A review by libkatem
Never Have Your Dog Stuffed: And Other Things I've Learned by Alan Alda

4.0

"I brought a suitcase of books to Paris. And as soon as I got there, I started filling up another suitcase with books, many of them in French, which I could barely read, and many of whose pages stayed uncut. Just having books was the point, and lugging a valise full of them to the train station and hoisting it up onto the metal rack made me feel like a scholar.
"I sat and drank hot rum at Les Deux Magots, and that made me feel like Hemingway. If I had two rums, I felt like Sartre. Sartre liked to write in a crowded cafe` and, amazingly, I found, so did I." [chapter 7]

So... that spoke to me on a personal level. This was really the first time that I really related to Alda, not that I wasn't already engrossed with his story, because I was.

His early years, Alda traveled the burlesque and vaudeville circuits with his parents; his father was an actor, and his mother had an undiagnosed mental illness. His experience with catholic schools did not line up with my (mostly positive) experiences, though I've heard horror stories similar to his. I trust what he's saying. Alda also contracted Polio at a very young age, and was quiet ill. My heart breaks for these early experiences, and Alda has a deft, precise way of writing about it.

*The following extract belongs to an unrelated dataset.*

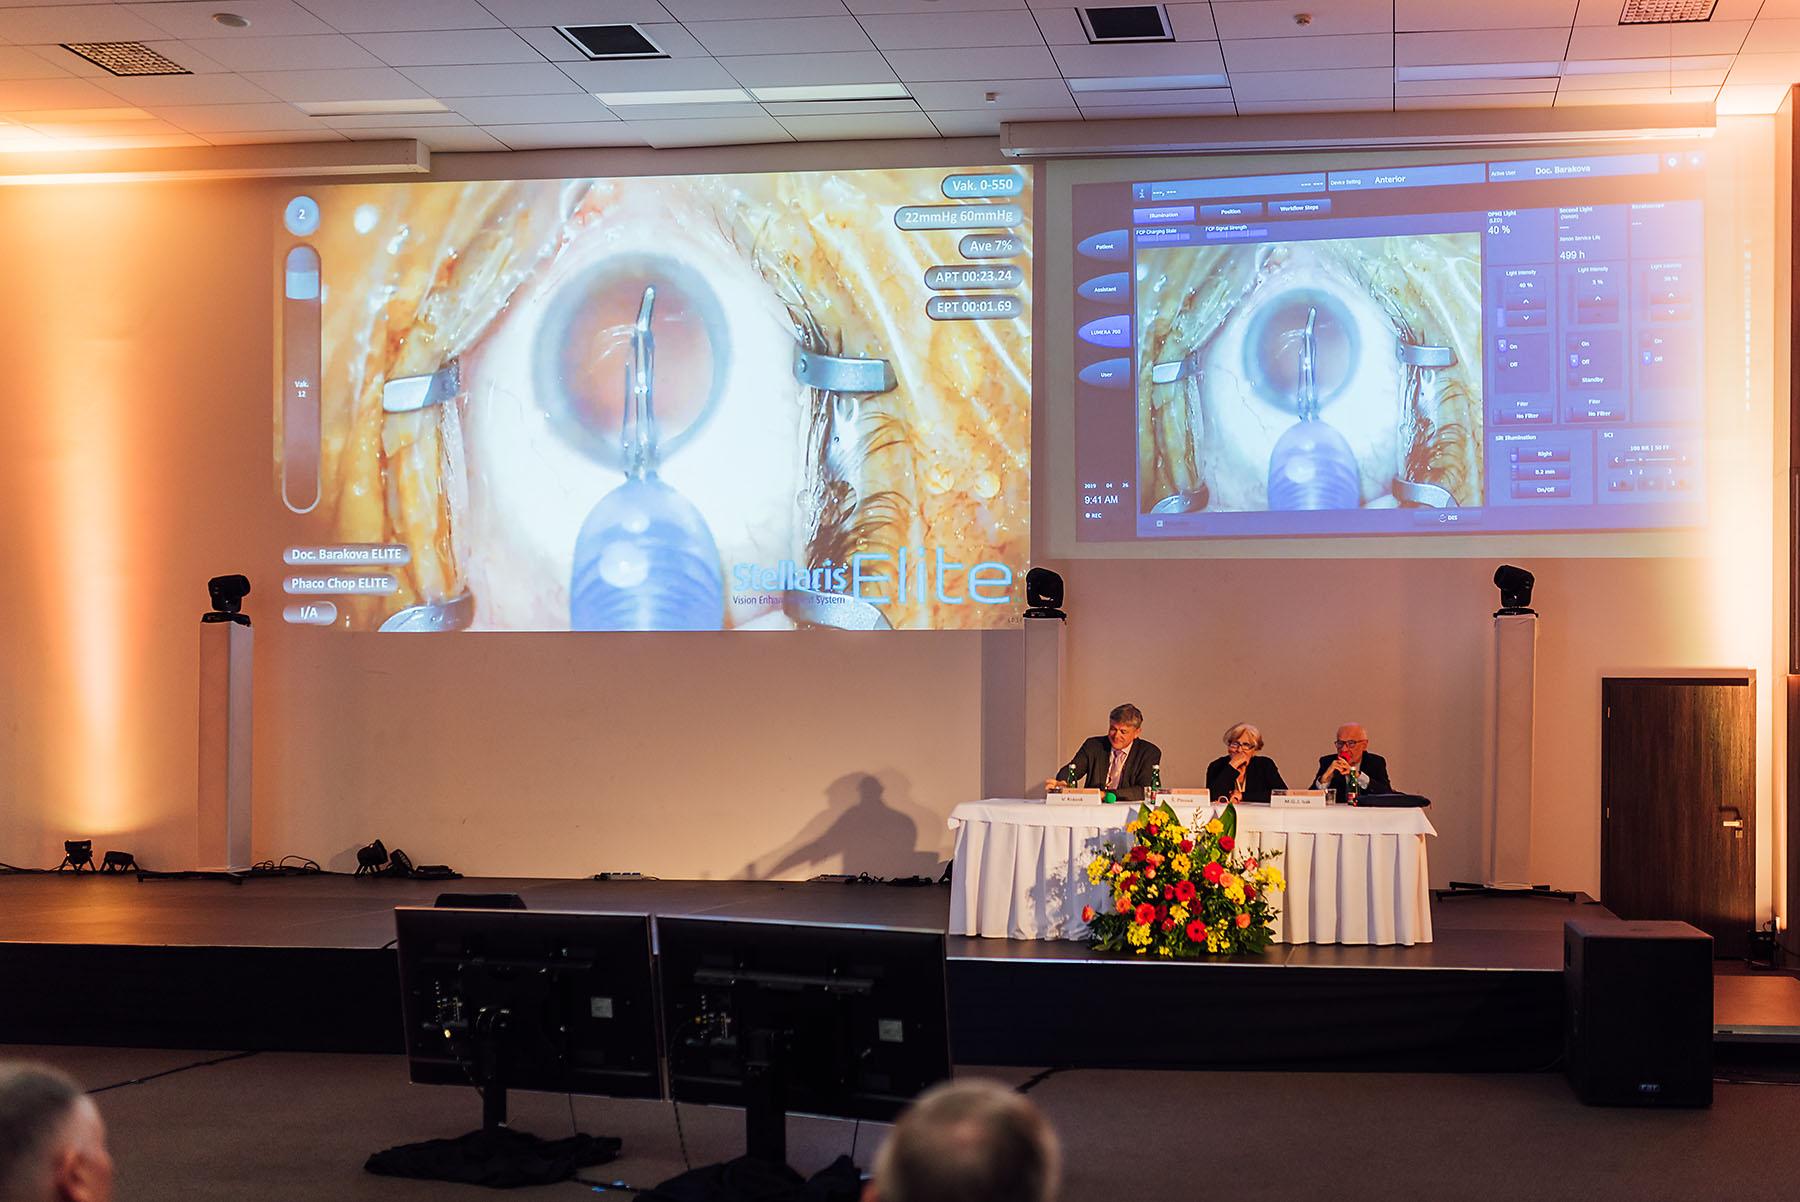 X.Bilaterálne Česko-Slovenské Oftalmologické Sympózium 2019 - x-bionic, sympózium, medicína, lekárska komora, kongres, konferencia - eventovy fotograf

His life has taken a lot of twists and turns, and his tremendous work ethic finally led him to M*A*S*H (which, in my opinion, will make Alda immortal), and he always includes his loving relationship with his wife and their three daughters. I have such admiration for Alan Alda, and it really only grew with this book.

I can't wait to read the next one.

(And Alan, if you ever need a hug, I'd be happy to give you one.)